My Dad helped me and we solved the problem. Now i have what i want :) Now i have to do a list with all distances between the schools. And if i got that i have to do the Dijkstra Algorithm to find the shortest route between them. Thanks for helping!
import googlemaps
GSGS = (address)
GSGL = (address)
. . .
. . .
. . .
schools =
(GSGS,GSGL,JKG,JMG,MCGD,MANGD,SLSA,WHGR,WOG,GCG,LP,PGG,WVSG,ASGE,CZG,EAG,GI)
school_names = ("GSGS","GSGL","JKG","JMG","MCGD","MANGD","SLSA","WHGR","WOG","GCG","LP","PGG","WVSG","ASGE","CZG","EAG","GI")
school_distances = ()
for g in range(0,len(schools)):
n = 0
for i in schools:
gmaps = googlemaps.Client(key='TOPSECRET')
distances = gmaps.distance_matrix(schools[g], i)['rows'][0]['elements'][0]['distance']['text']
if school_names[g] != school_names[n]:
print(school_names[g] + " - " + school_names[n] + " " + distances)
else:
print(school_names[g] + " - " + school_names[n] + " " + "0 km")
n = n + 1
In my experience, it is sometimes difficult to know what is going on when you use a third-party api. Though I am not a proponent of reinventing the wheel sometimes it is necessary to get a full picture of what is going on. So, I recommend giving it a shot building your own api endpoint request call and see if that works.
import requests
schools = ['GSGS','GSGL','JKG','JMG','MCGD','MANGD','SLSA','WHGR','WOG','GCG','LP','PGG', 'WVSG', 'ASGE','CZG', 'EAG','GI']

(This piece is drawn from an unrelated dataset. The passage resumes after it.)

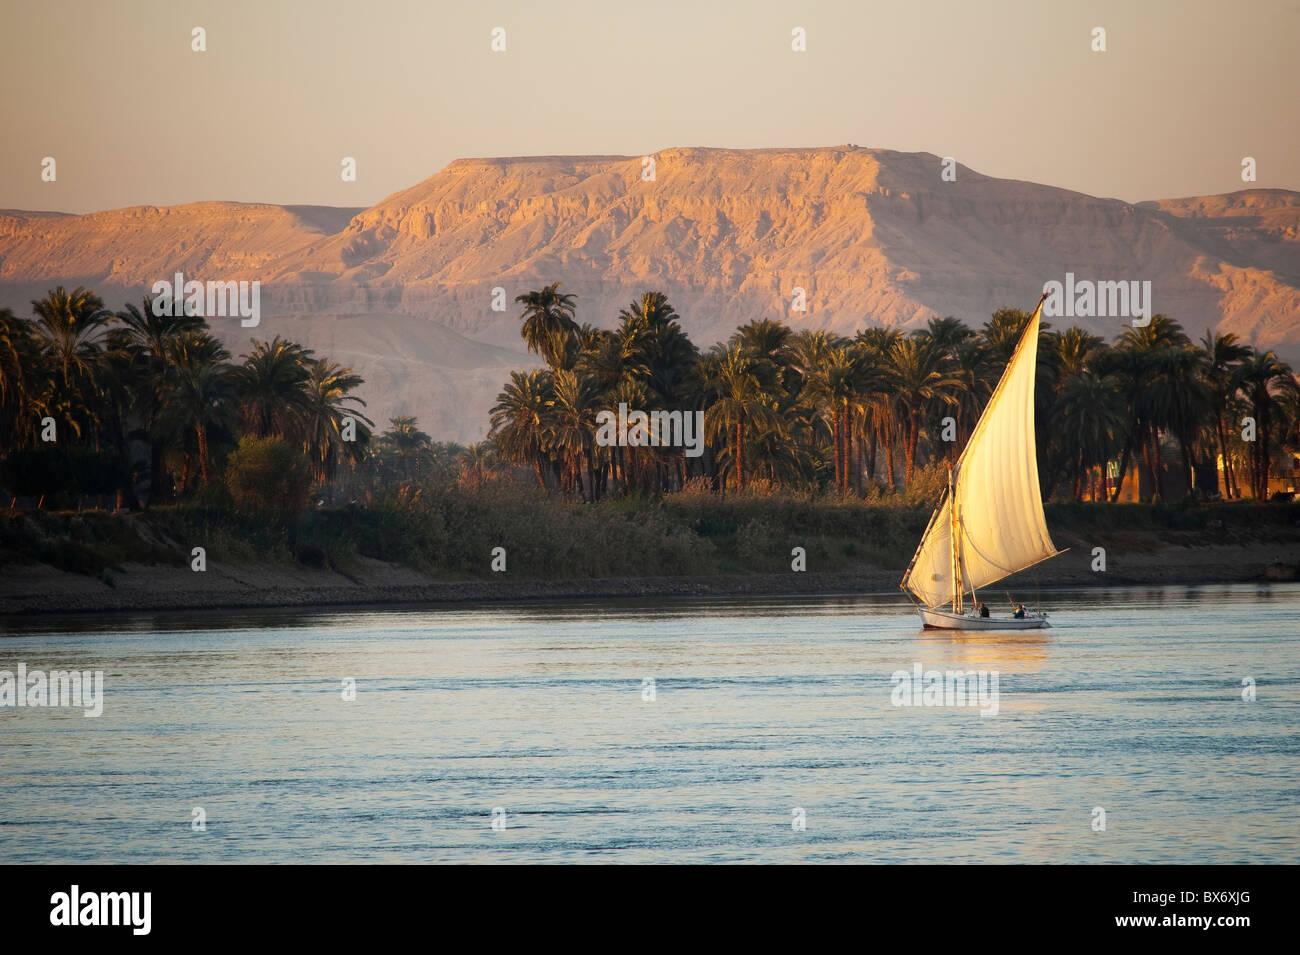 Une magnifique et belle image d'un voilier traditionnel égyptien appelé une felouque sur le Nil au Photo Stock

def gmap_dist(apikey, origins, destinations, **kwargs):
units = kwargs.get("units", "imperial")
mode = kwargs.get("mode", "driving")
baseurl = "https://maps.googleapis.com/maps/api/distancematrix/json?"

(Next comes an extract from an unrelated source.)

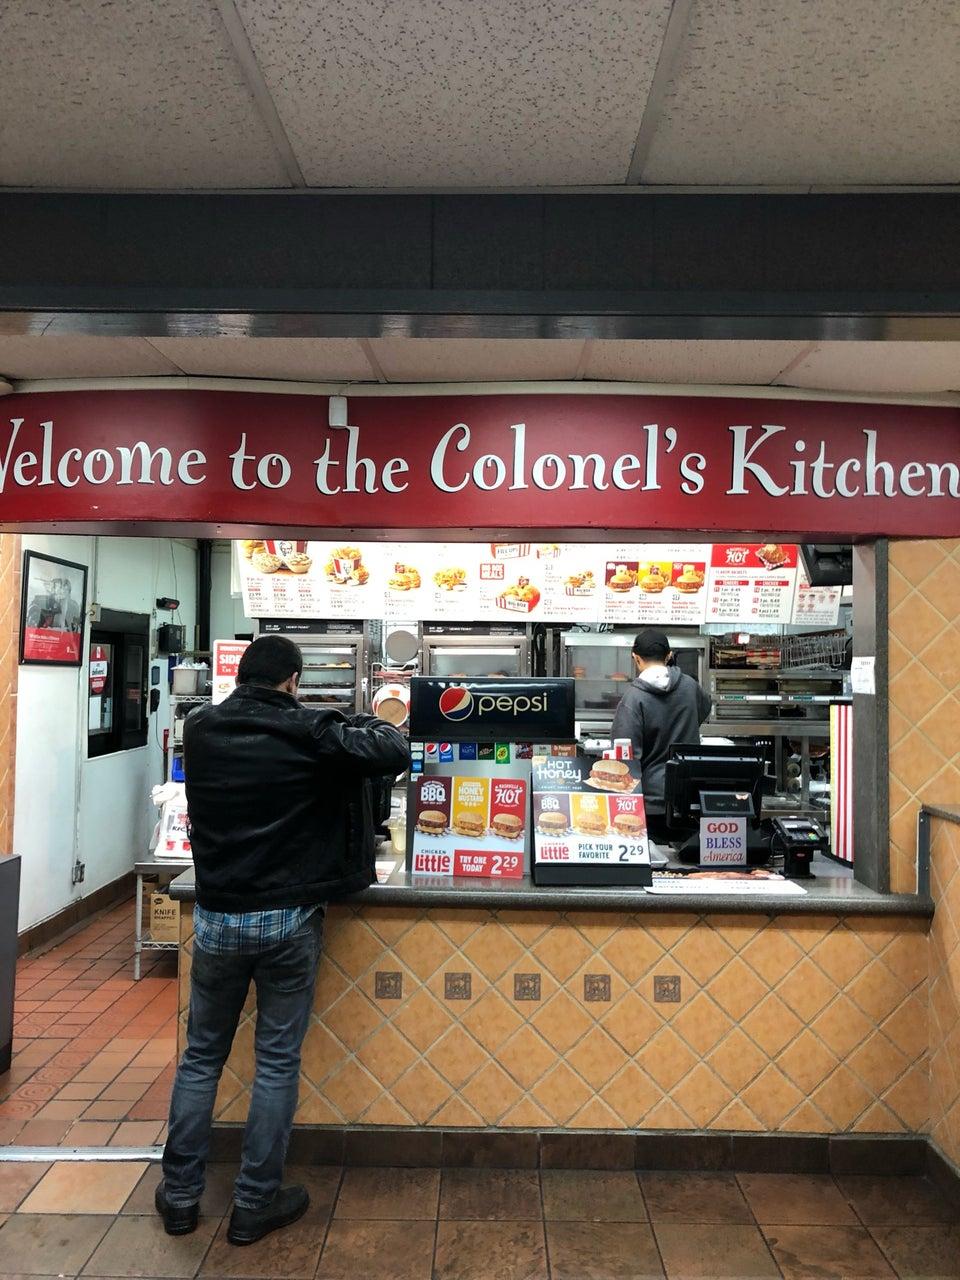 KFC 200 N Verdugo Rd, Glendale

urlargs = {"key": apikey, "units": units, "origins": origins, "destinations": destinations, "mode": mode}
req = requests.get(baseurl, params=urlargs)
data = req.json()
print(data)
# do this for each key and index pair until you
# find the one causing the problem if it
# is not immediately evident from the whole data print
print(data["rows"])
print(rows[0])
# Check if there are elements
try:
distances = data['rows'][0]['elements'][0]['distance']
except KeyError:
raise KeyError("No elements found")
except IndexError:
raise IndexError("API Request Error. No response returned")
else:
return distances
Also as a general rule of thumb it is good to have a test case to make sure things are working as they should before testing the whole list,
#test case
try:
test = gmap_dist(apikey="", units="imperial", origins="GSGS", destinations="GSGL", mode="driving")
except Exception as err:
raise Exception(err)
else:
dists = gmap_dist(apikey="", units="imperial", origins="GSGS", destinations=schools, mode="driving")
print(dists)
Lastly, if you are testing the distance from "GSGS" to other schools, then you might want to get it out of your list of schools as the distance will be 0.
Now, I suspect that the reason you are getting this exception is because there are no json elements returned. Probably, because one of your parameters was improperly formatted.
If this function returns a KeyError still. Check the address spelling and make sure your apikey is valid. Although if it was the Apikey I would expect they would not bother to give you even empty results.
Hope this helps. Comment if it doesn't work.